Lord Higgins: My Lords, I wish to speak to Amendments Nos. 13 and 14 as well as to Amendment No. 2 moved by the noble Baroness, Lady Greengross. The noble Baroness has immense experience and expertise in this area and we must take due account of what she says. It seems to me that there are essentially three issues at stake here. First, the question of principle goes right back to the origin of the social security system; namely, that there should not be duplicate payment of benefits. Therefore, if provision is made under one benefit, it should not also be made under a second benefit. Secondly, there are problems as regards the amount of the deduction or downrating. Thirdly, there are problems when a patient is discharged with regard to overpayments being recovered and payment of the original amount to which the patient was entitled being resumed.

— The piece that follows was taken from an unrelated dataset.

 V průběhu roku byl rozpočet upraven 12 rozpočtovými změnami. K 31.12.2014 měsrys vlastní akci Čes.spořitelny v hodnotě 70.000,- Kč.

I shall discuss those issues in turn. I do not dispute the point of principle which is well established and was reinforced by the Select Committee in another place which reported on the matter some time ago. But having said that, the time has come to reappraise the issue. Apparently, at any one time about 30,000 people have their benefits downrated. I think I am right in saying that when we discussed the matter at an earlier stage the Minister said that the cost of changing the provision would be some £60 million. That may be the theoretical cost, but what is the actual cost to the extent either that overpayments are not recovered or the cost to patients in the sense that there is a delay in resuming their benefits and they never fully catch up? If we are to consider the importance of the point of principle, we need to consider it in relation to possible costs. I hope that the Minister will help us with that task.
As is often the case with work and pensions issues, it is very clear that this matter is of unbelievable complexity. If I were asked to explain which benefits were downrated and which were not, I would have the greatest trouble doing so. It is not surprising that those who suddenly find themselves in hospital and are told that their benefits will be downrated have some difficulty understanding that.
That brings us to the question of how much the deductions will be. In particular, what research has been done on that issue? Those in various charities, and so on, who are concerned with this problem have produced a list of items that remain as ongoing costs even when the patient is in hospital. They include rent, water rates, fuel, telephone rental, insurance, TV licence and rental services, warden charges, maintenance bills, car tax and insurance, other bills, and so on. In addition, some costs increase when a
One of my colleagues in the other place asked staff in the House of Commons Library to try to establish what research had been carried out on the matter. The Library was not been able to find any such research. This is the sort of issue that the noble Earl, Lord Russell, typically raises in this House. Apparently, no research has been done. However, the Library consulted officials in the department, who, I understand, were also unaware of any research, but who referred to the 1949 report, which made certain assumptions about costs. As the Minister rightly pointed out, things have rather changed since 1949.